En varios motores Audi utiliza el denominado ciclo B, conocido como proceso de combustión Miller. Este ciclo ofrece grandes beneficios en lo referido a la economía de combustible, especialmente cuando se conduce con suavidad y el motor funciona con baja carga y a bajos regímenes de giro. En estas situaciones, el Audi valvelift System (AVS) de dos etapas adelanta el cierre de las válvulas de admisión. Esto da como resultado una fase de compresión más corta que, junto a las menores pérdidas en el acelerador y la larga fase de expansión, especialmente en el rango de operación de carga parcial, mejora las emisiones y reduce el consumo de combustible.

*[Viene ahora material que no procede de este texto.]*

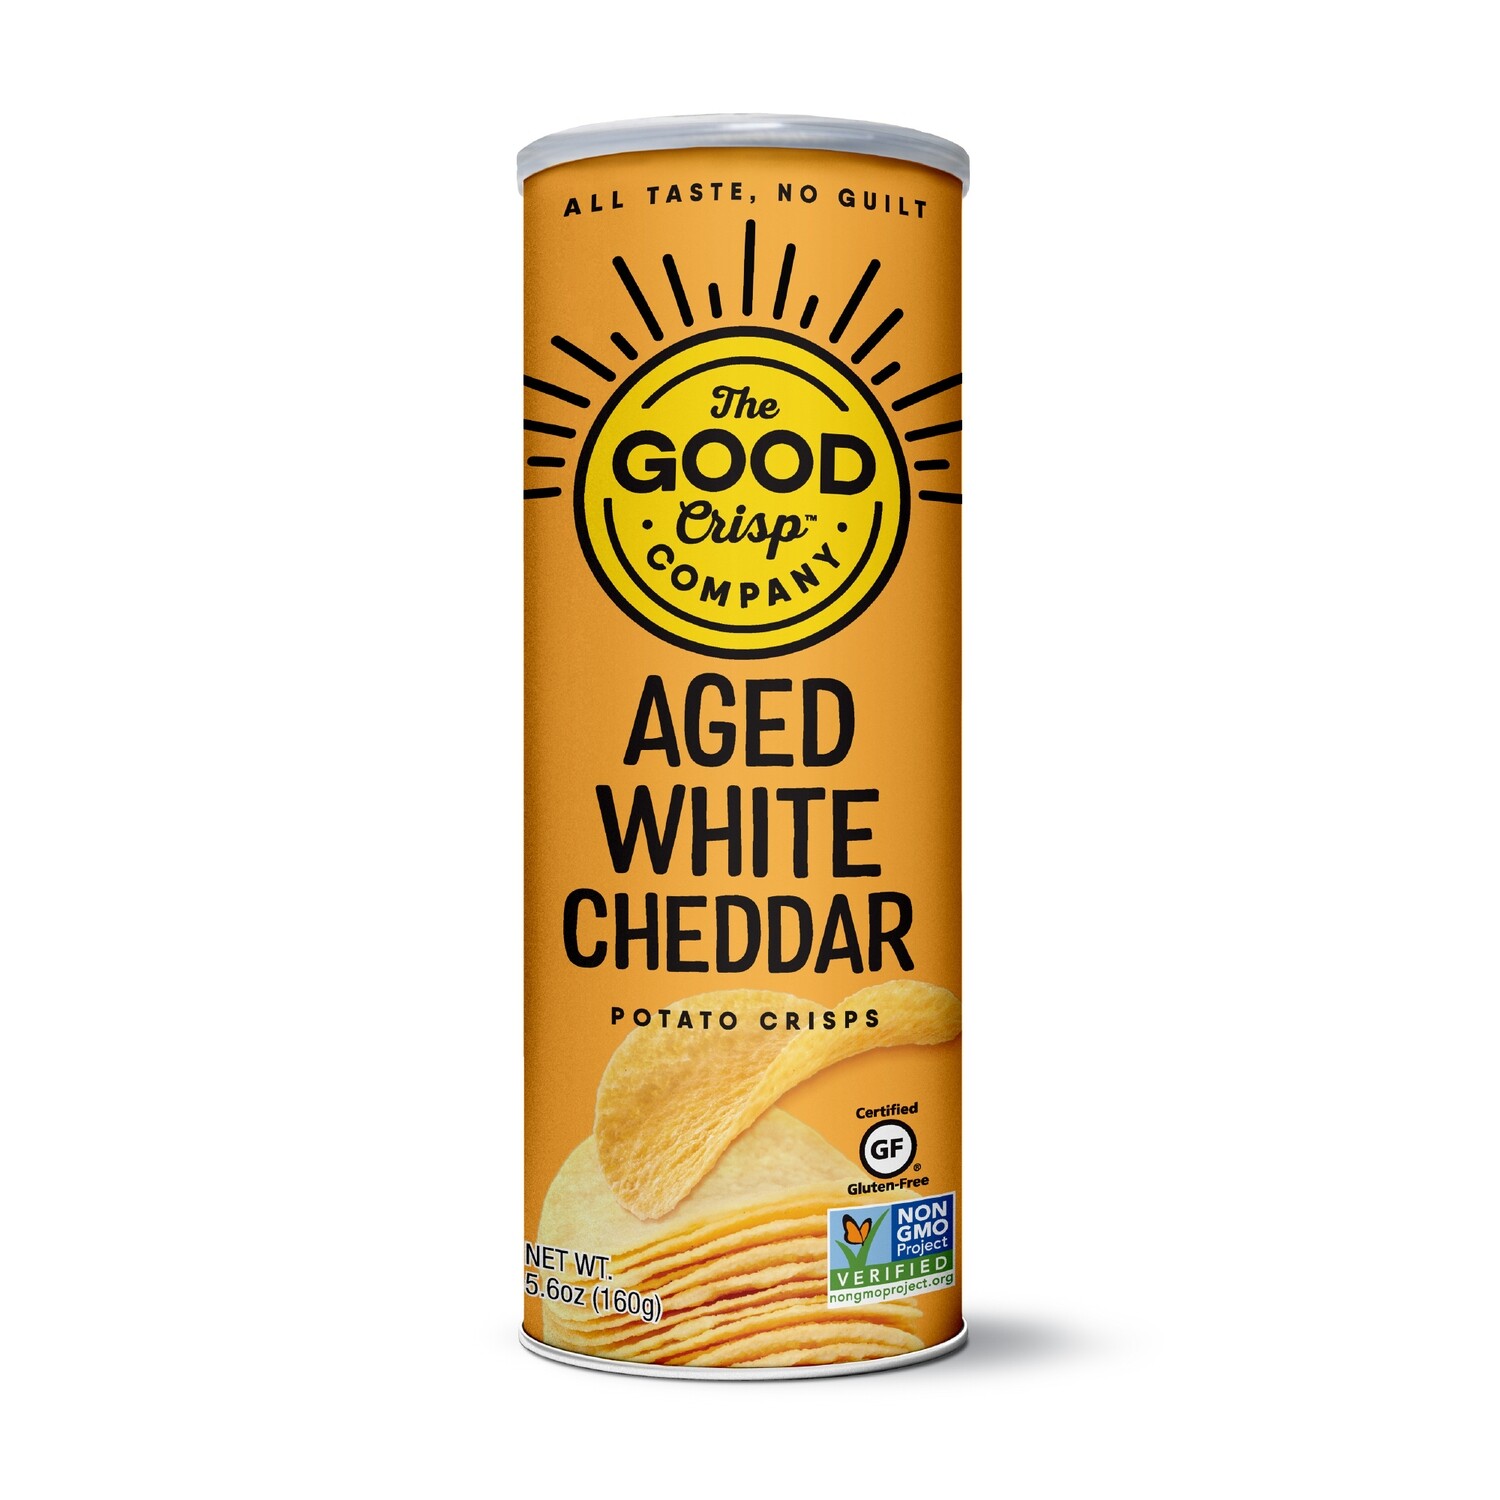 The Good Crisp Company Aged White Cheddar Potato Crisps

Otra tecnología que permite reducir el consumo es el sistema Audi cylinder on demand, que en condiciones de funcionamiento con una demanda de carga baja desactiva temporalmente los cilindros de forma individual. Un método alternativo es la inyección indirecta de gasolina, como complemento a la inyección directa FSI, que reduce el consumo y aumenta la potencia del motor. La utilización de un filtro de partículas de gasolina (GPF) en el sistema de escape es común a todos los sistemas.

La mayoría de los modelos de gasolina de Audi utilizan la eficiente tecnología de inyección directa TFSI con sobrealimentación por turbocompresor. El objetivo es purificar de forma eficaz los gases de escape incluso en rangos de funcionamiento desfavorables. El filtro de partículas para motores de gasolina (GPF) reduce las emisiones de partículas de carbono que en los motores de gasolina se generan principalmente -hasta en un 90%- durante el arranque en frío.

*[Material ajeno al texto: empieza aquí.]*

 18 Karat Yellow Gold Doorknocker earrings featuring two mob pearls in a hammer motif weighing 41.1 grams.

Los gases de escape tienen que fluir a través de una estructura cerámica con un cuerpo interior con finos poros de cordierita, situada detrás del convertidor catalítico. El principio de funcionamiento del filtro de partículas de gasolina es similar a la tecnología de purificación de los gases de escape que se utiliza en los motores diésel. Los gases de escape fluyen a través de paredes cerámicas porosas que forman pequeños canales cerrados hacia los lados de admisión y de escape, respectivamente, y las partículas se adhieren a la superficie cerámica rugosa.

Dependiendo del estilo de conducción, la regeneración del filtro tiene lugar mediante un proceso más simple que en un motor diésel, porque los propulsores de gasolina no generan partículas en todas las condiciones de funcionamiento. Asimismo, debido a su principio de diseño, las temperaturas de los gases de escape de los motores de encendido por chispa son más altas que en los de encendido por compresión. Debido al suministro de oxígeno gestionado por la unidad de control del motor y al consiguiente aumento de la temperatura en el sistema de escape, la cantidad de carga, que es claramente inferir a la de un bloque diésel, se presta fácilmente a la post-oxidación y a la neutralización.

Audi utiliza filtros de partículas de gran capacidad. En el caso del motor 2.0 de cuatro cilindros EA888, el volumen alcanza los 3,2 litros. Su diseño, con la optimización de la contrapresión, permite curvas de potencia y par motor muy favorables. El funcionamiento del GPF está supervisado por sensores en todos los modelos. Gracias a este proceso de monitorización, la frecuencia y la duración del proceso de regeneración se orientan al estado del filtro, que depende del estilo de conducción del cliente. Esto reduce las emisiones y la carga ambiental, al mismo tiempo que aumenta la vida útil del filtro.